The warm, salted blocks are then folded in half (the classic halloumi shape is a folded semicircle) and left to cool. This folding traps some of the mint inside, distributing its flavor through the cheese.
Brining and Storage
After cooling, the folded pieces are submerged in brine whey, typically at a salt concentration around 12%. In the traditional process, the cheese is dry-salted first and then stored in this brine at a cool temperature until it’s eaten, sometimes for weeks or months. Industrial producers skip the dry salting and instead let the cooked blocks cool directly in brine whey at 4°C for about 18 hours. The cheese is then sprinkled with sterilized mint, vacuum-sealed in polyethylene bags, and kept refrigerated until sold.
The salting method affects texture. Dry-salted halloumi tends to be softer, while brine-salted cheese (especially at higher concentrations and longer soaking times) develops noticeably more firmness and a snappier bite. Standard commercial blocks are typically cut to about 10 cm by 10 cm by 3 cm before brining.

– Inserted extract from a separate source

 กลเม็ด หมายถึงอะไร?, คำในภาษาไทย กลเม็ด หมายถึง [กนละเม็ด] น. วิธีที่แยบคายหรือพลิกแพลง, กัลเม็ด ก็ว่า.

Traditional vs. Industrial Production
The core steps are the same whether halloumi is made in a village kitchen or a factory, but a few details differ. Traditional producers often skip mechanical pressing, relying on the weight of the curds and hand-pressing in cloth to shape the cheese. Industrial operations press the curds at controlled pressure, producing uniform blocks. The whey cooking step remains non-negotiable in both settings: without it, you simply don’t have halloumi.

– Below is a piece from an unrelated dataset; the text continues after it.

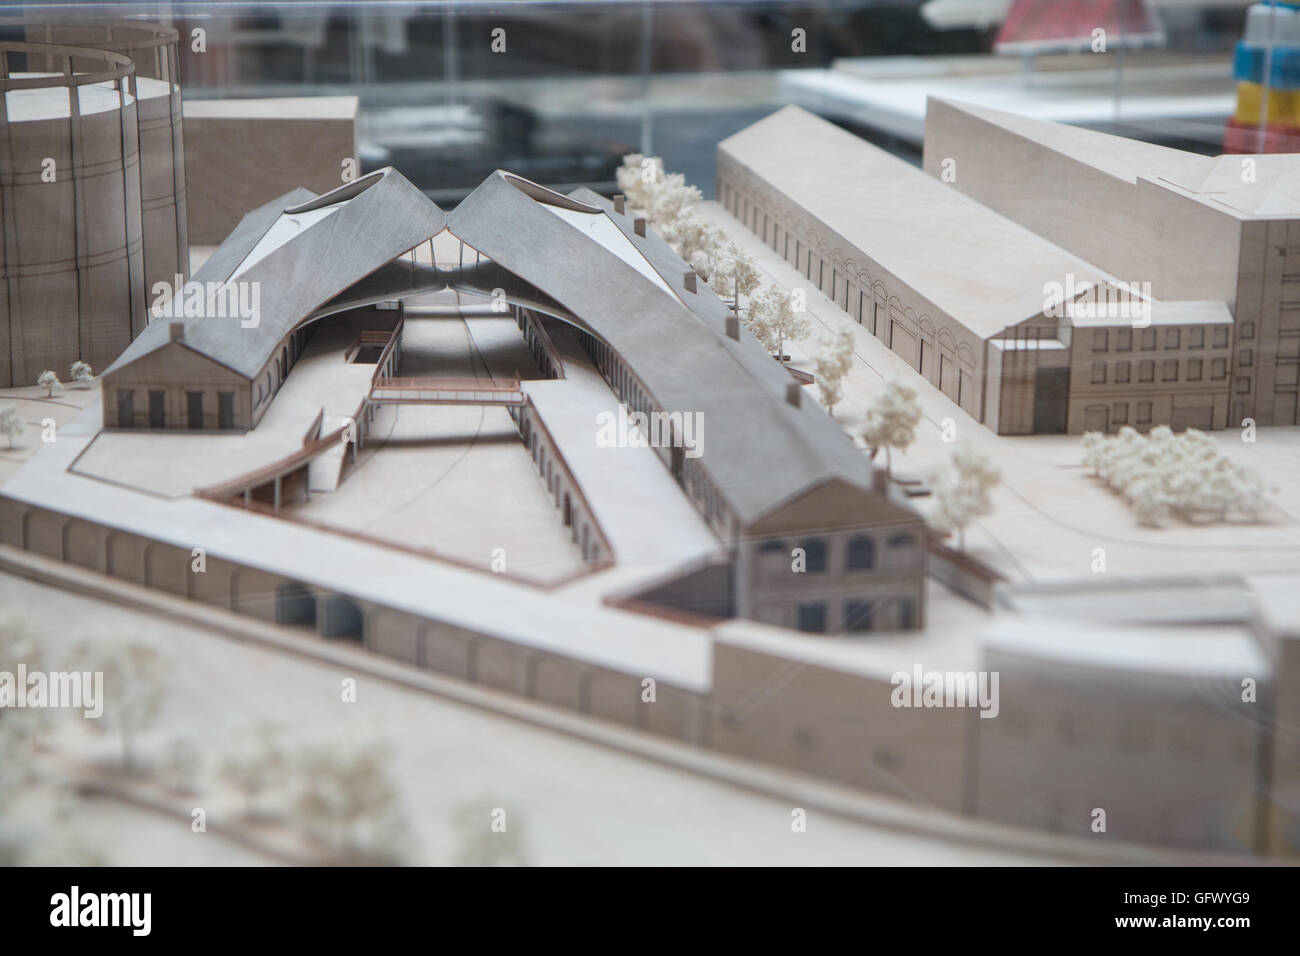 Modello di gocce di carbone di riqualificazione del cantiere da Heatherwick studios Foto Stock

Industrial production also standardizes the brining. Rather than the variable dry-salting and long whey storage of the traditional method, factories control salt uptake precisely through timed brine immersion at refrigerated temperatures. This gives a more consistent product with a longer, more predictable shelf life.
Nutritional Profile
Halloumi is a calorie-dense, high-protein cheese. A 28-gram serving (about one ounce) contains roughly 110 calories, 7 grams of protein, 9 grams of fat, and zero carbohydrates. It provides about 25% of the daily value for calcium and 15% for sodium. The fat is predominantly saturated, so it’s worth keeping portion size in mind if you’re watching your saturated fat intake. The high sodium comes from both the salting step and the brine storage, which is why halloumi tastes noticeably salty compared to many other fresh cheeses.